Another big Independent Power Project (IPP) underway is the one at Sohar. This will generate 360MW electricity once its first phase gets commissioned next year. A further expansion of the power plant during its second phase will add 580MW of electricity generation capacity to the grid. The second phase is to be completed by the middle of 2007.
Barka II is the first IPP project in Oman to be undertaken fully under the new regulatory regime. The EHC is also working on divesting 100 per cent of the government’s interest in Al Rusayl Power Company along with Barka II. The plant at Al Rusayl has generation capacity of 668MW.
Building blocks
The power sector in Oman has taken one step at a time. It all started in 1996 when the sultanate’s first IPP was set up in Manah. The Ministry of Housing Electricity and Water (MHEW) awarded the United Power Company (UPC) a contract to construct a 90MW gas-fired power station at Manah, in the south west of Muscat. Pleased with its progress the MHEW upgraded its licensed generation capacity to 270MW in 1999 on the condition that it also took over the management of 180km of downstream lines. Apart from being the first privately developed and owned power plant in the sultanate, Manah is also the only IPP, which is operated on a build, own, operate, transfer (BOOT) concept. The IPPs that followed were granted a licence to build, own and operate (BOO).

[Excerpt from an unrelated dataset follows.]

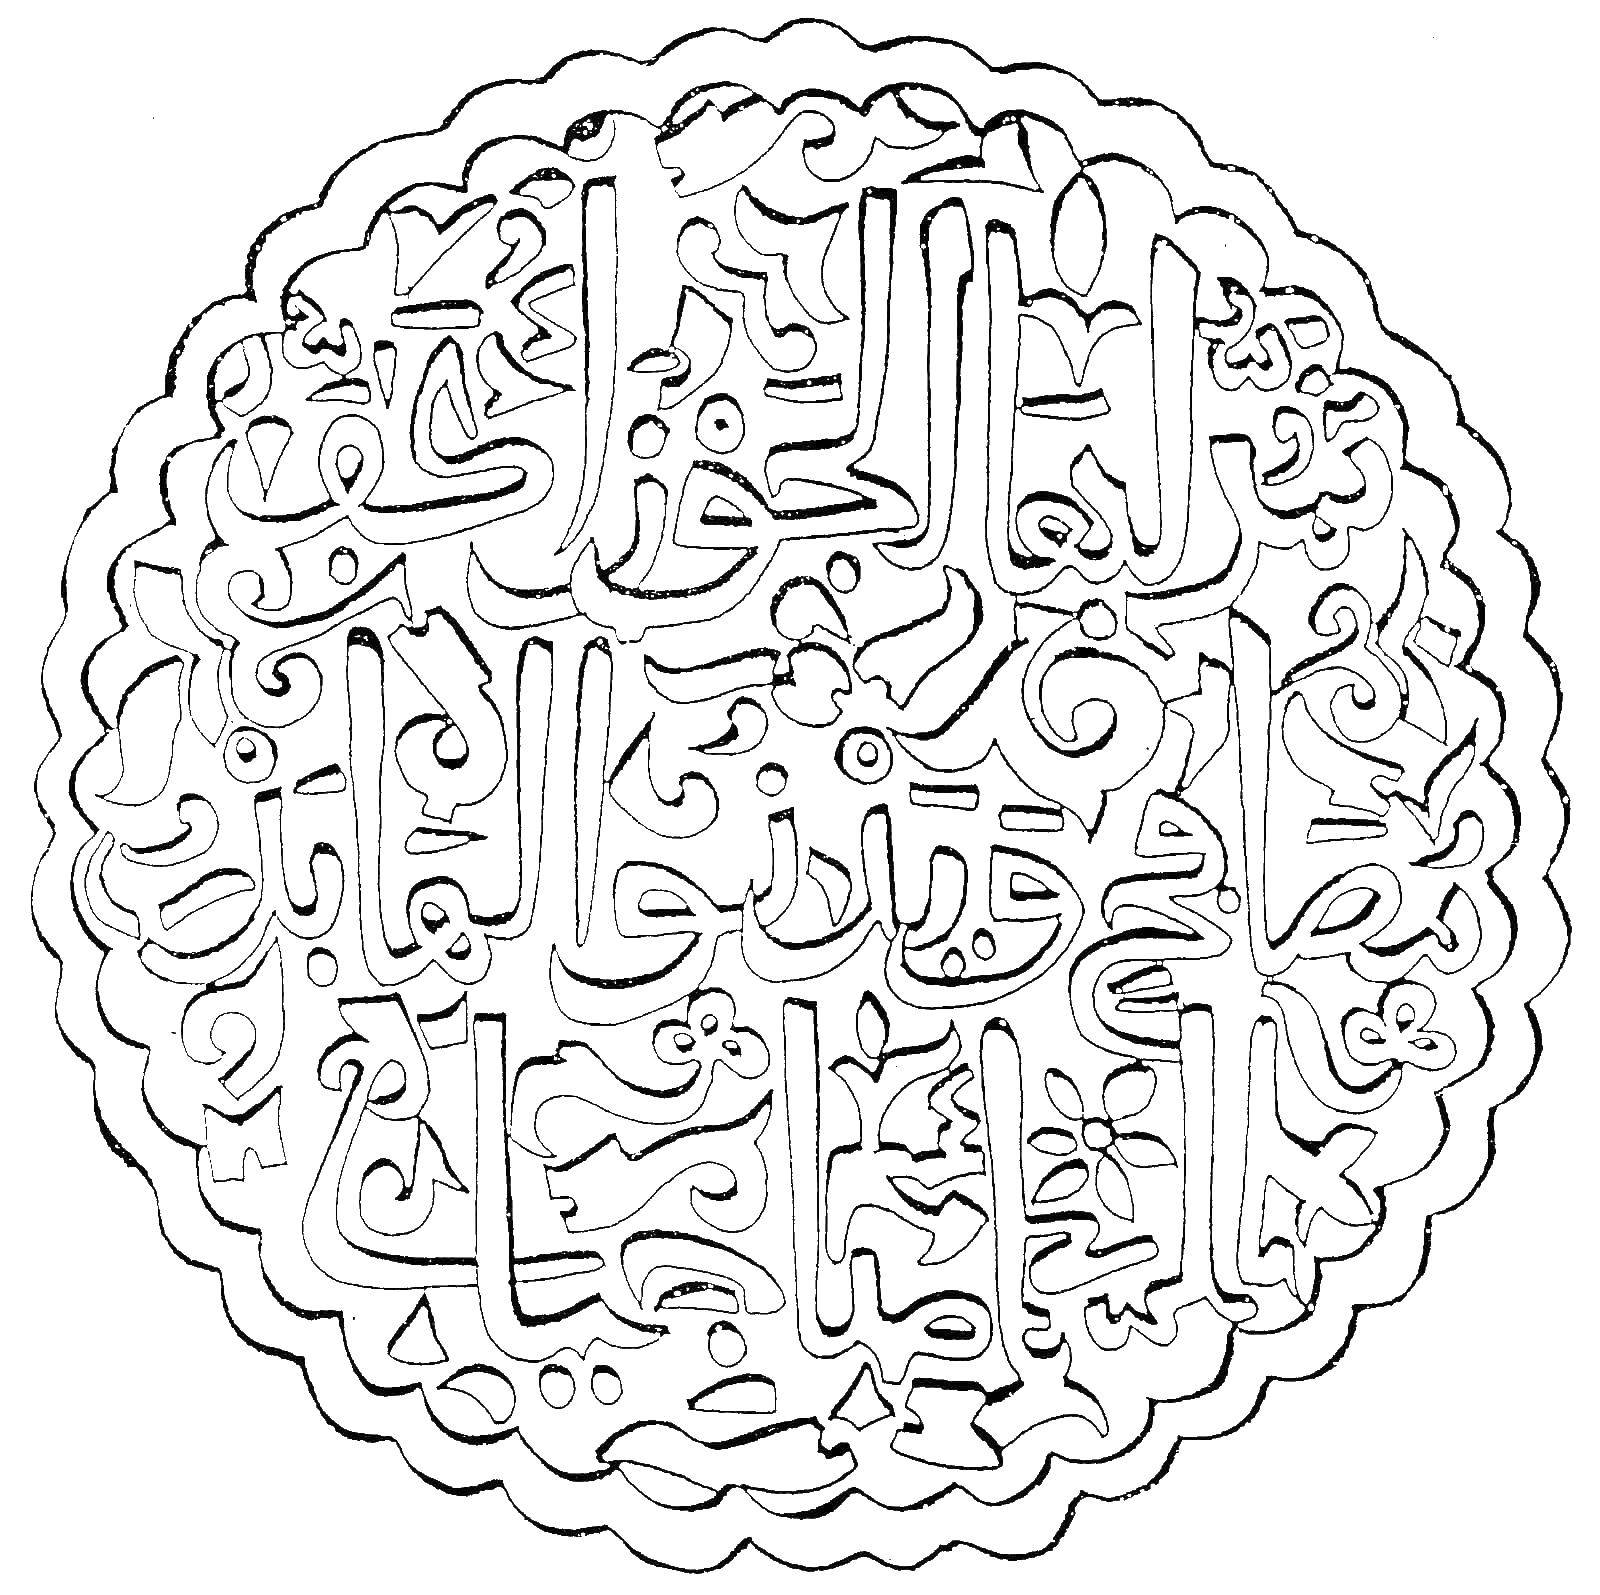 Coloring Надписи. Category Коран. Tags:  надписи, коран.

Manah Phase II was followed by Al Kamil IPP and Barka IWPP projects in 2000, the Salalah Concession Agreement (with Dhofar Power Company) in 2001 and the Sohar IWPP in 2004. Manah also showed the level of international interest in the electricity sector in Oman. Tractabel, a Belgian company and International Finance Corporation (part of the World Bank Group) are UPC’s founder shareholders.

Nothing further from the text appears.